厉烬川烦躁地在房间里踱步,英俊的脸上布满了阴霾。
计划失败的挫败感像一条毒蛇,噬咬着他一贯的骄傲。
就在这时,房门被“砰砰砰”地粗暴敲响。
“谁?”厉烬川警惕地喝问。
门外传来一个粗嘎的男声:“厉少,是我们。开门聊聊?”
厉烬川的脸色一沉,他听出了这个声音,是昨天他雇来演戏的那伙混混的头子,一个叫“彪哥”的地头蛇。
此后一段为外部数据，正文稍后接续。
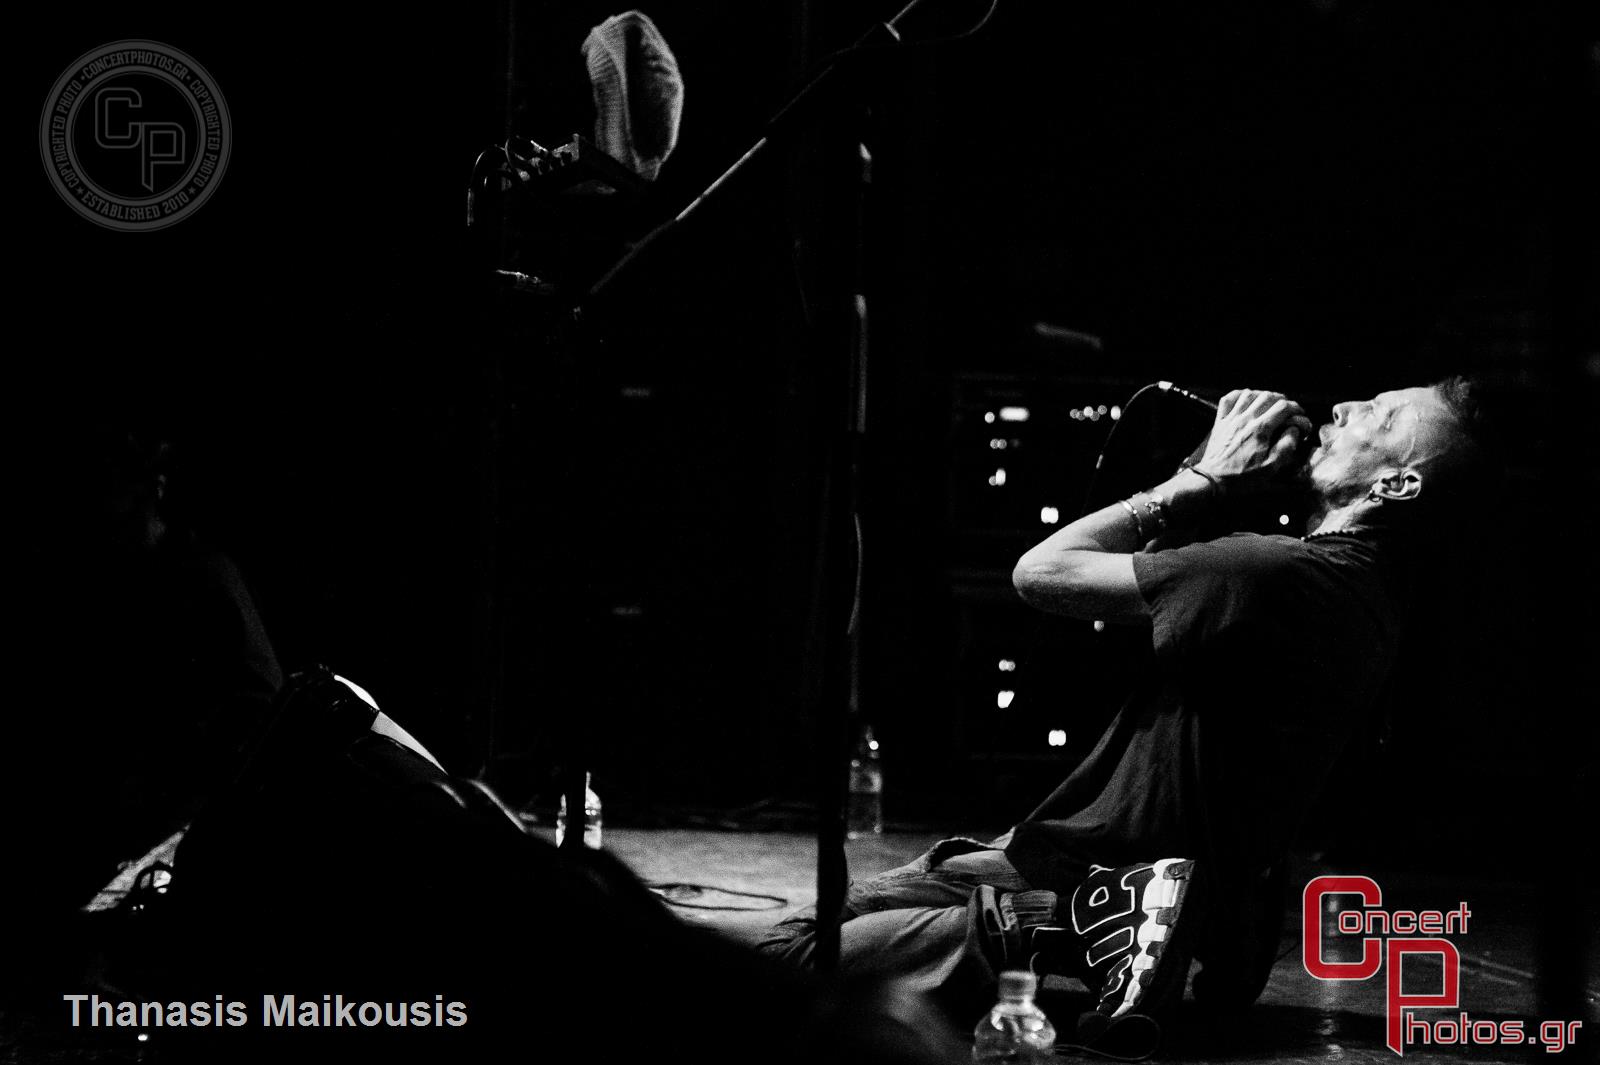 Stereo Mc's-Stereo Mcs photographer: Thanasis Maikousis - ConcertPhotos - 20141129_2337_17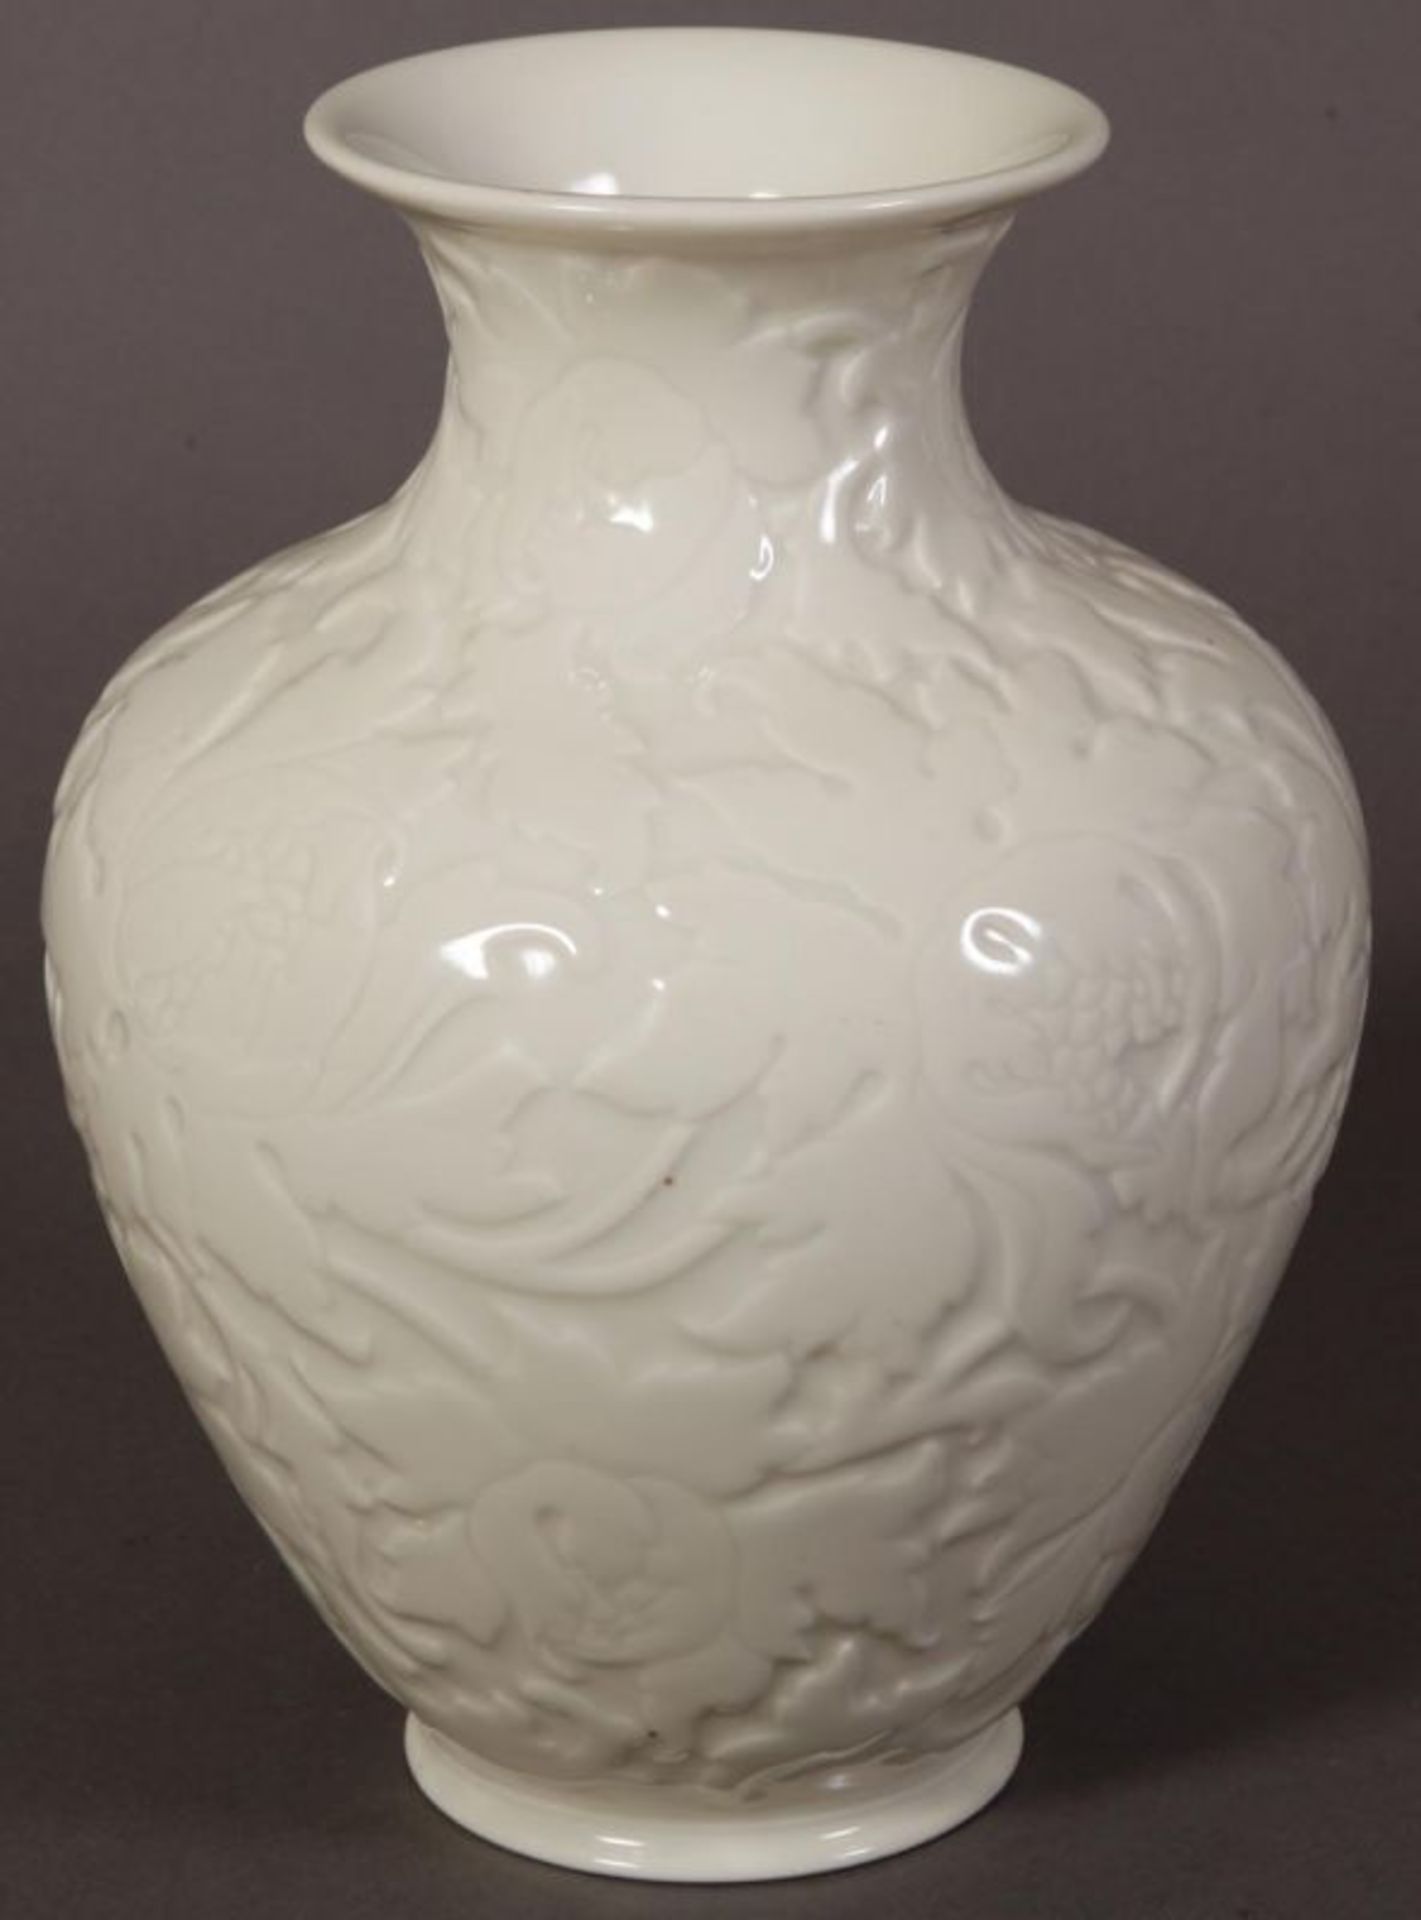 Bauchige "Rosenthal"-Vase, flächiger Floraldekor. Höhe 29 cm, Durchmesser 20 cm. - Image 5 of 6

他拉开门,只见彪哥带着四五个流里流气的壮汉堵在门口,一脸的皮笑肉不笑。
“厉少,好大的手笔啊。”彪哥一进门就自顾自地坐在沙上,翘起二郎腿,
“说好了是演戏,吓唬吓唬人就行。你倒好,直接把我三个兄弟送进局子里去了。这事儿,不合规矩吧?”
厉烬川眼中闪过一丝杀意,但还是按捺住了。
强龙不压地头蛇,他不想在这里惹上不必要的麻烦。
“那是意外。”他冷冷地说道,“警察突然出现,我也没办法。”
“意外?”彪哥嗤笑一声,从口袋里摸出一根烟点上,吐出一口浓雾,
“我不管是不是意外。我的人进去了,就得捞出来。这笔钱,还有兄弟们的精神损失费、封口费,你得出。不然,这事要是传出去,说京州来的大少爷在安河县玩仙人跳,可就不好听了。”
赤裸裸的敲诈。
厉烬川的拳头在身侧攥得咯吱作响。他何曾受过这种窝囊气。
但他知道,彪哥这种滚刀肉,什么事都做得出来。
如果事情闹大,父亲的计划就全泡汤了。
“开个价。”他从牙缝里挤出三个字。
彪哥咧嘴一笑,露出满口黄牙,伸出五根手指:
“五十万。一分不能少。就当是,给厉少你买个教训。”
厉烬川死死地盯着他,最终还是从皮夹里抽出一张卡,扔在桌上。
“密码六个八。拿了钱,立刻滚,把你们的嘴都给我闭严实了。”
“好说,好说!厉少爽快!”彪哥拿起卡,得意地站起身,带着人扬长而去。
房门关上,厉烬川再也无法抑制怒火,一脚踹翻了面前的茶几。
玻璃碎裂的声音在房间里回响,如同他此刻破碎的自尊。
到底有没有背后之人在搞破坏?
这个疑问一直在历烬川脑中挥之不去。
……
另一边,自从那天小巷惊魂后,陆若溪的生活看似恢复了平静,但她的内心却泛起了层层涟漪。
她没有再追问苏阳,因为她知道,再问也问不出结果。
苏阳的眼神已经告诉了她一切。
他有所隐瞒,但并无恶意。
可怀疑的种子一旦种下,便会疯狂滋长。
陆若溪变得比以前更加敏锐和警惕。
上学放学的路上,她会下意识地观察周围。
那辆停在街角、连续三天都没有挪动过的黑色桑塔纳;
那个每天都在校门口报刊亭买同一份报纸、却从不翻看的陌生男人;
甚至连楼下那只以前从不怕人的野猫,最近见到她都会远远躲开……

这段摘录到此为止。